THE INPUT
-*-

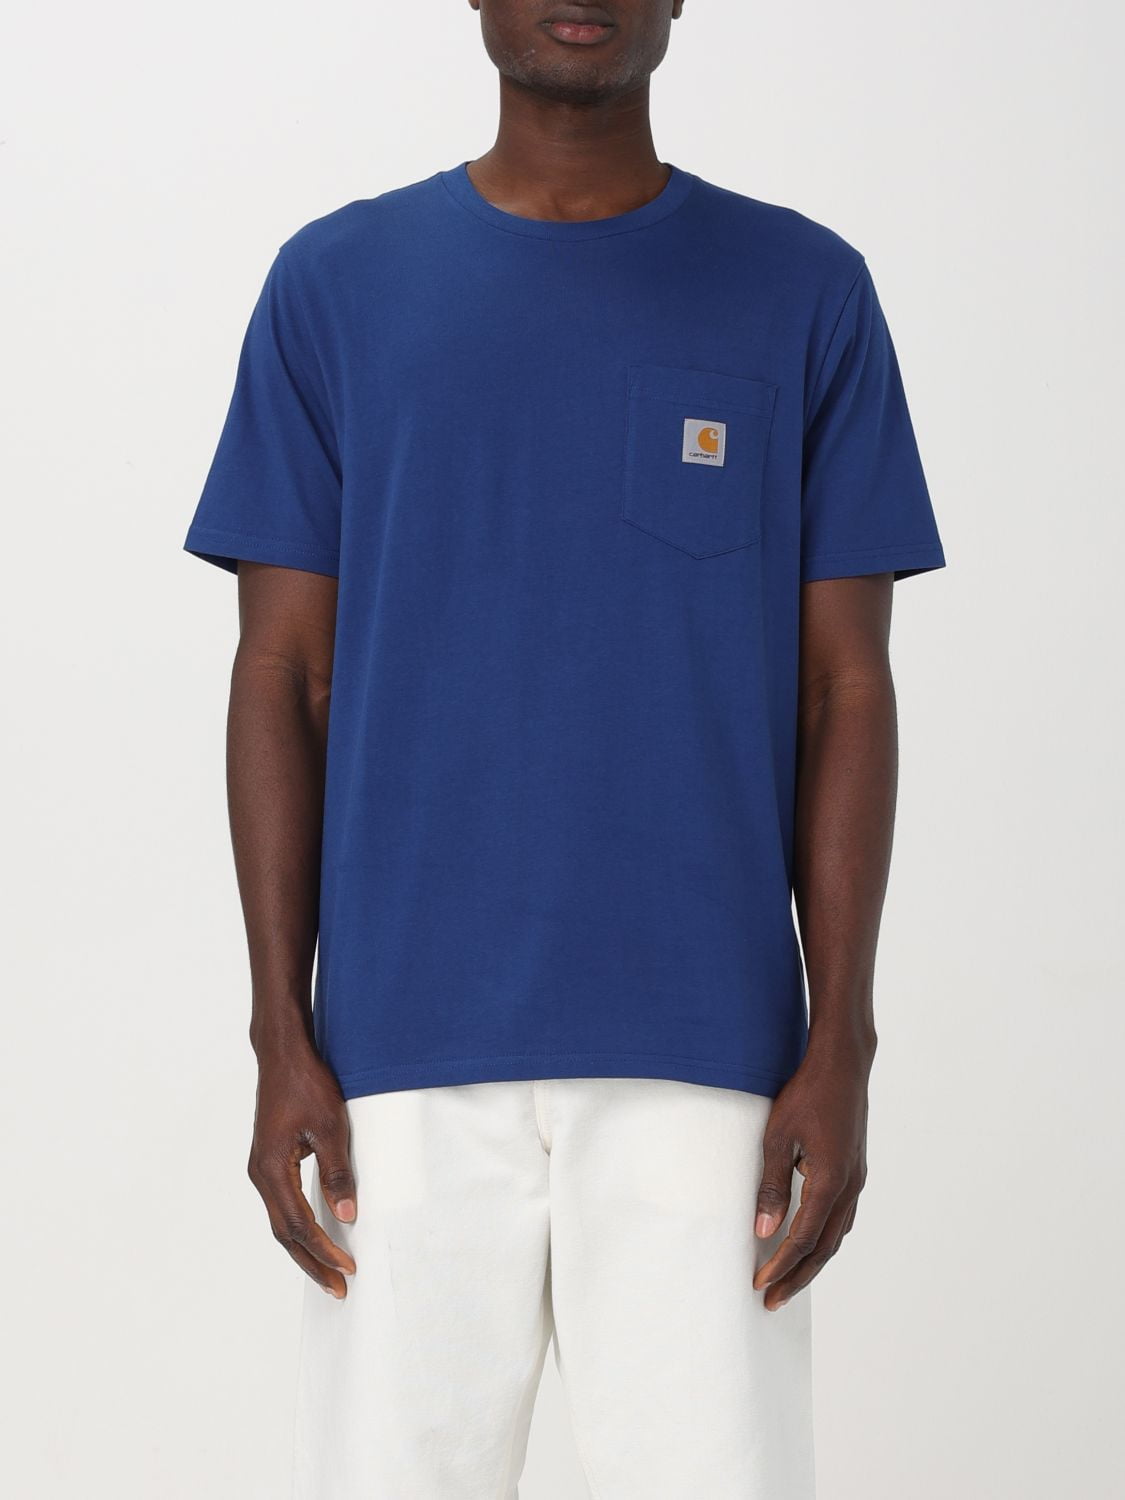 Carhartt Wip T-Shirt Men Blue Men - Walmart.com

-*-

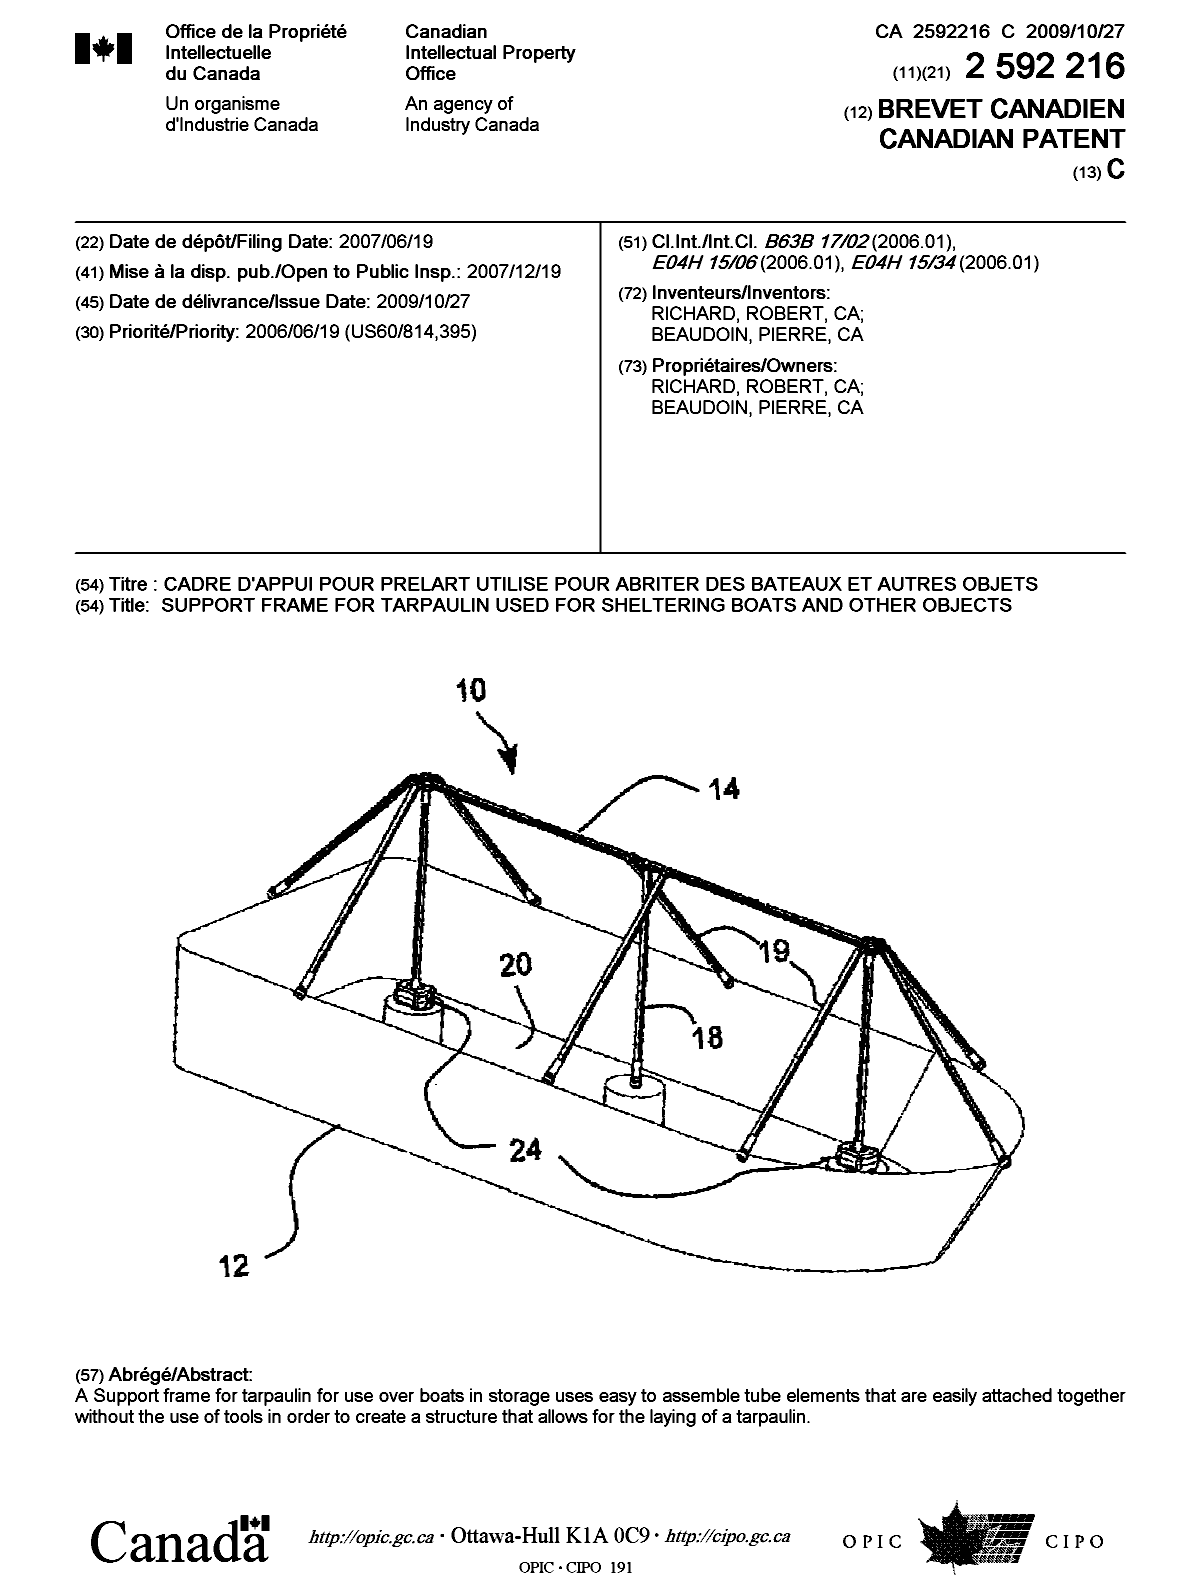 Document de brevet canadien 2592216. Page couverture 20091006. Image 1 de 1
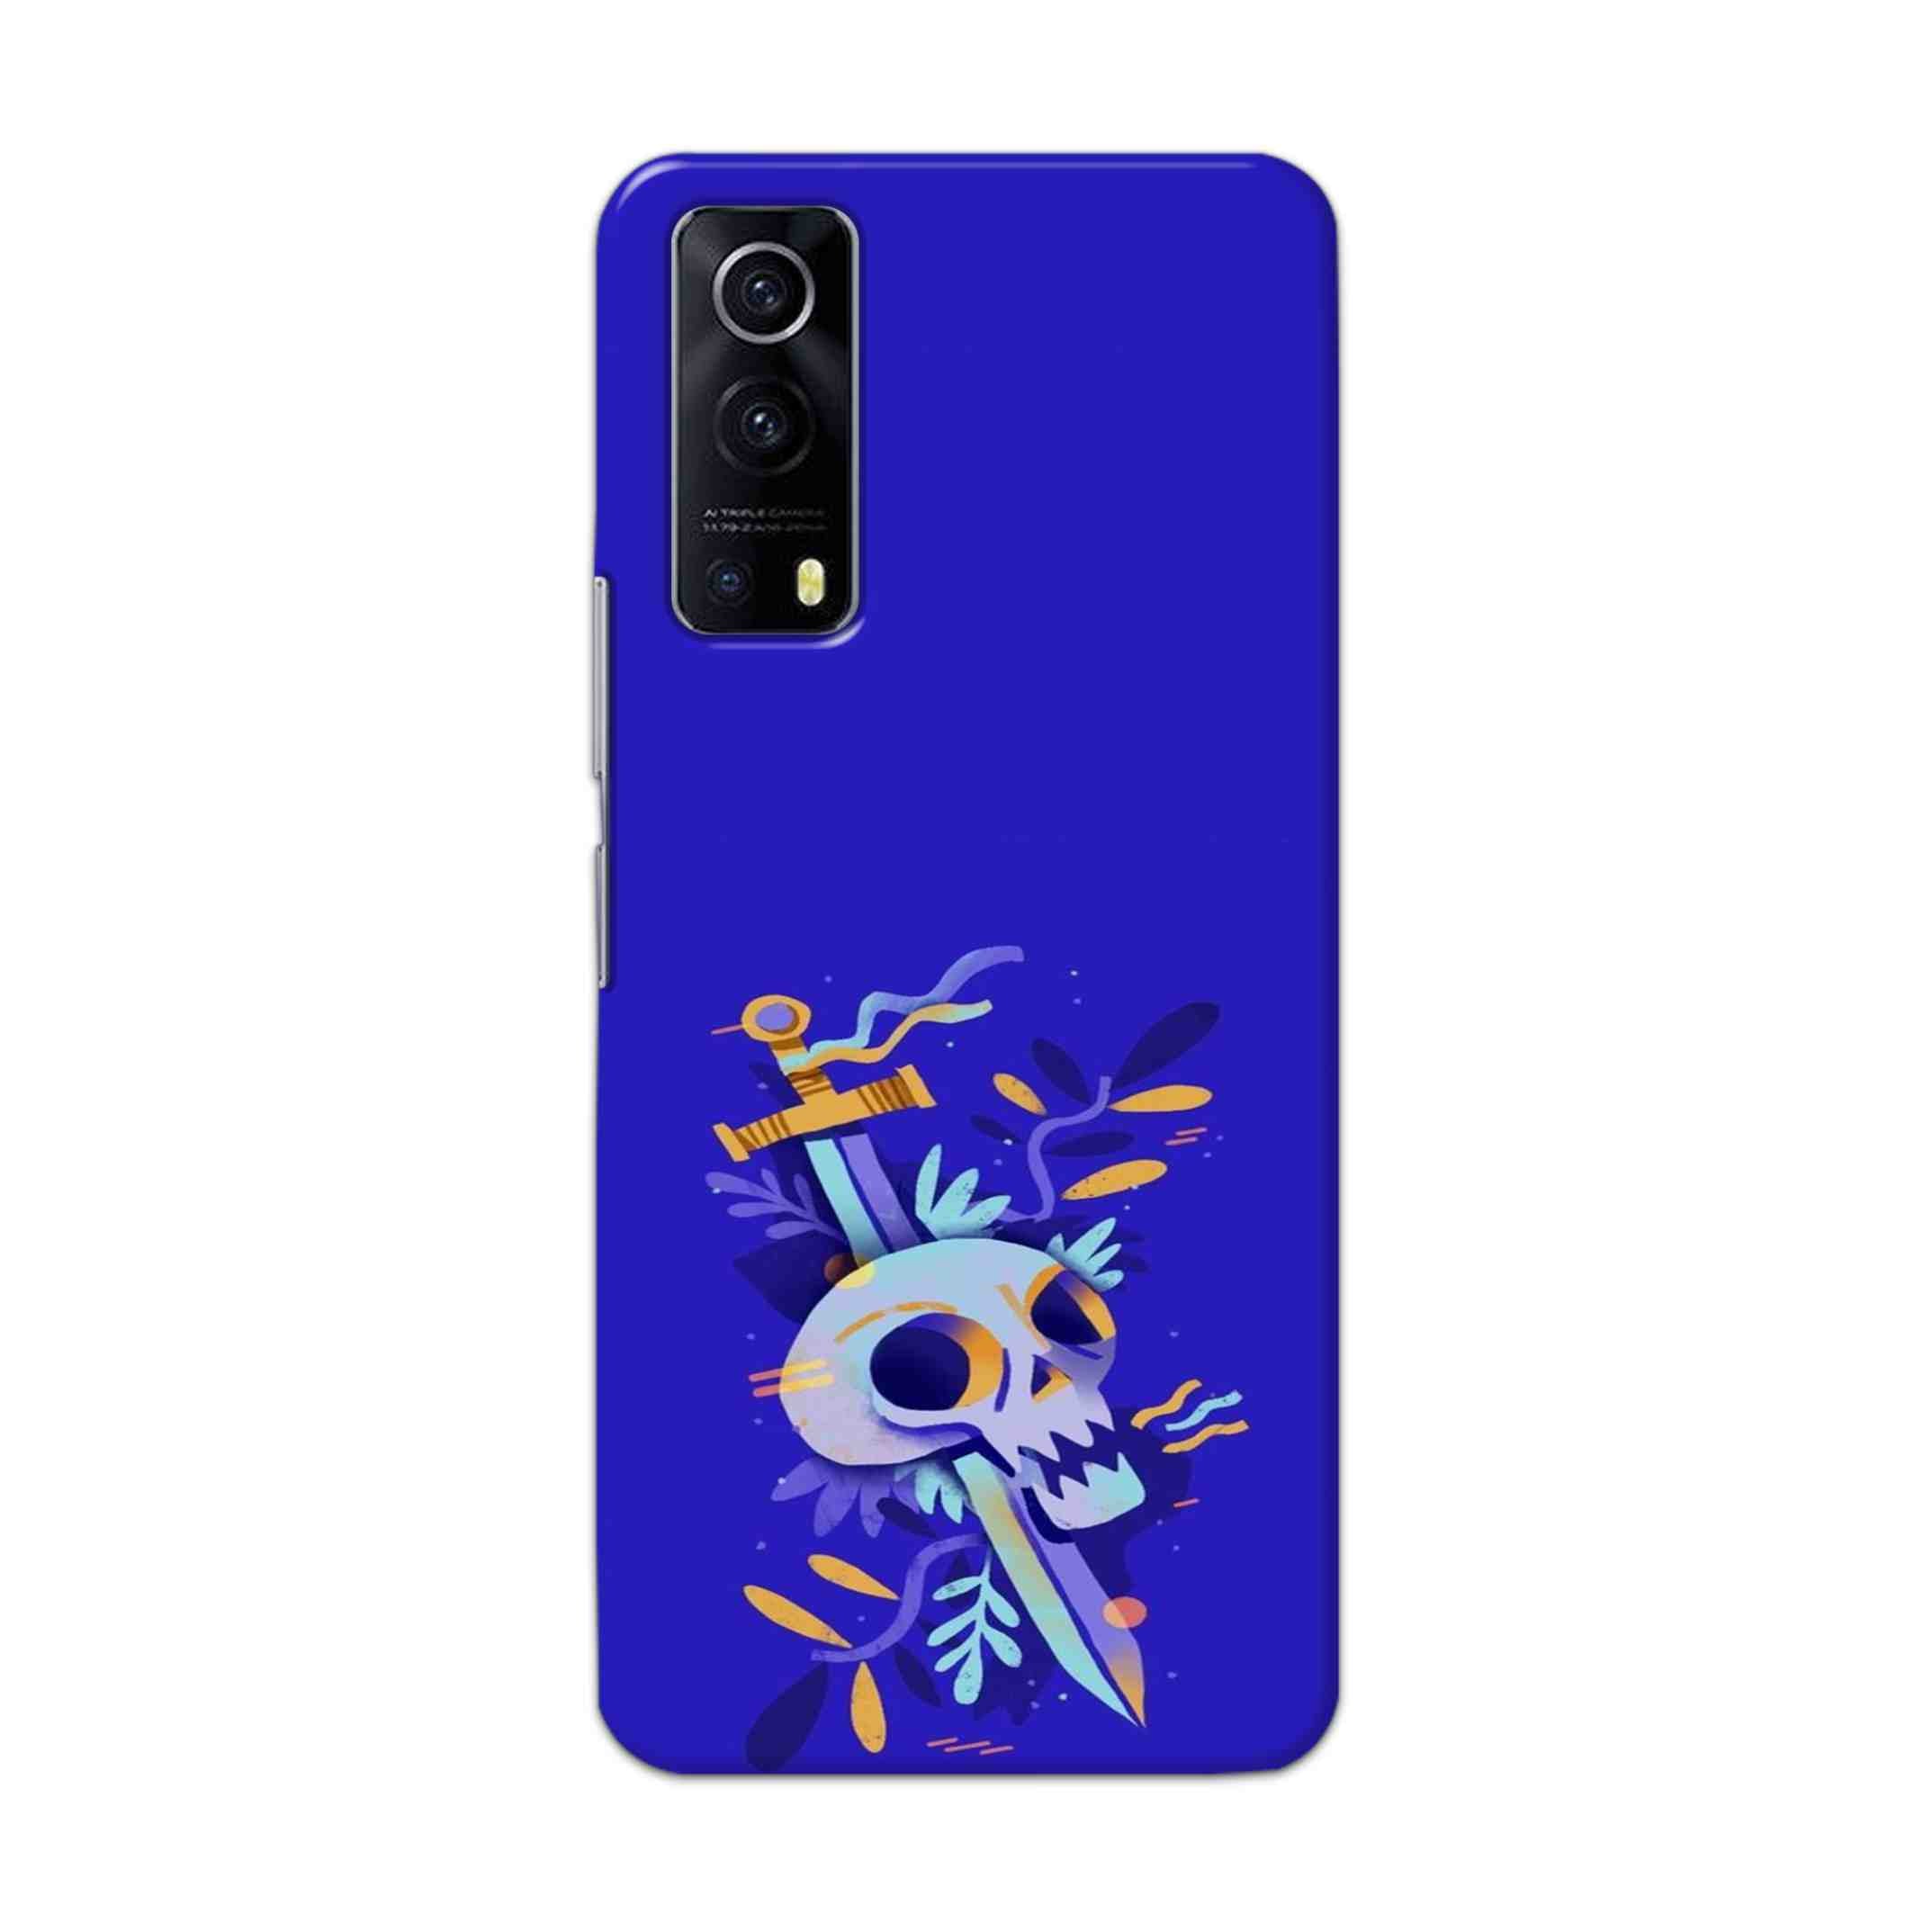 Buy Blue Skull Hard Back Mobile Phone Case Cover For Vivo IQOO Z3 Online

-*-

ASSIGNMENT
Repeat exactly, and only, the entries from the line with "Document de brevet" through the line with "Buy Blue Skull". Pictures are skipped.

ANSWER SPACE
 Document de brevet canadien 2592216. Page couverture 20091006. Image 1 de 1
 Buy Blue Skull Hard Back Mobile Phone Case Cover For Vivo IQOO Z3 Online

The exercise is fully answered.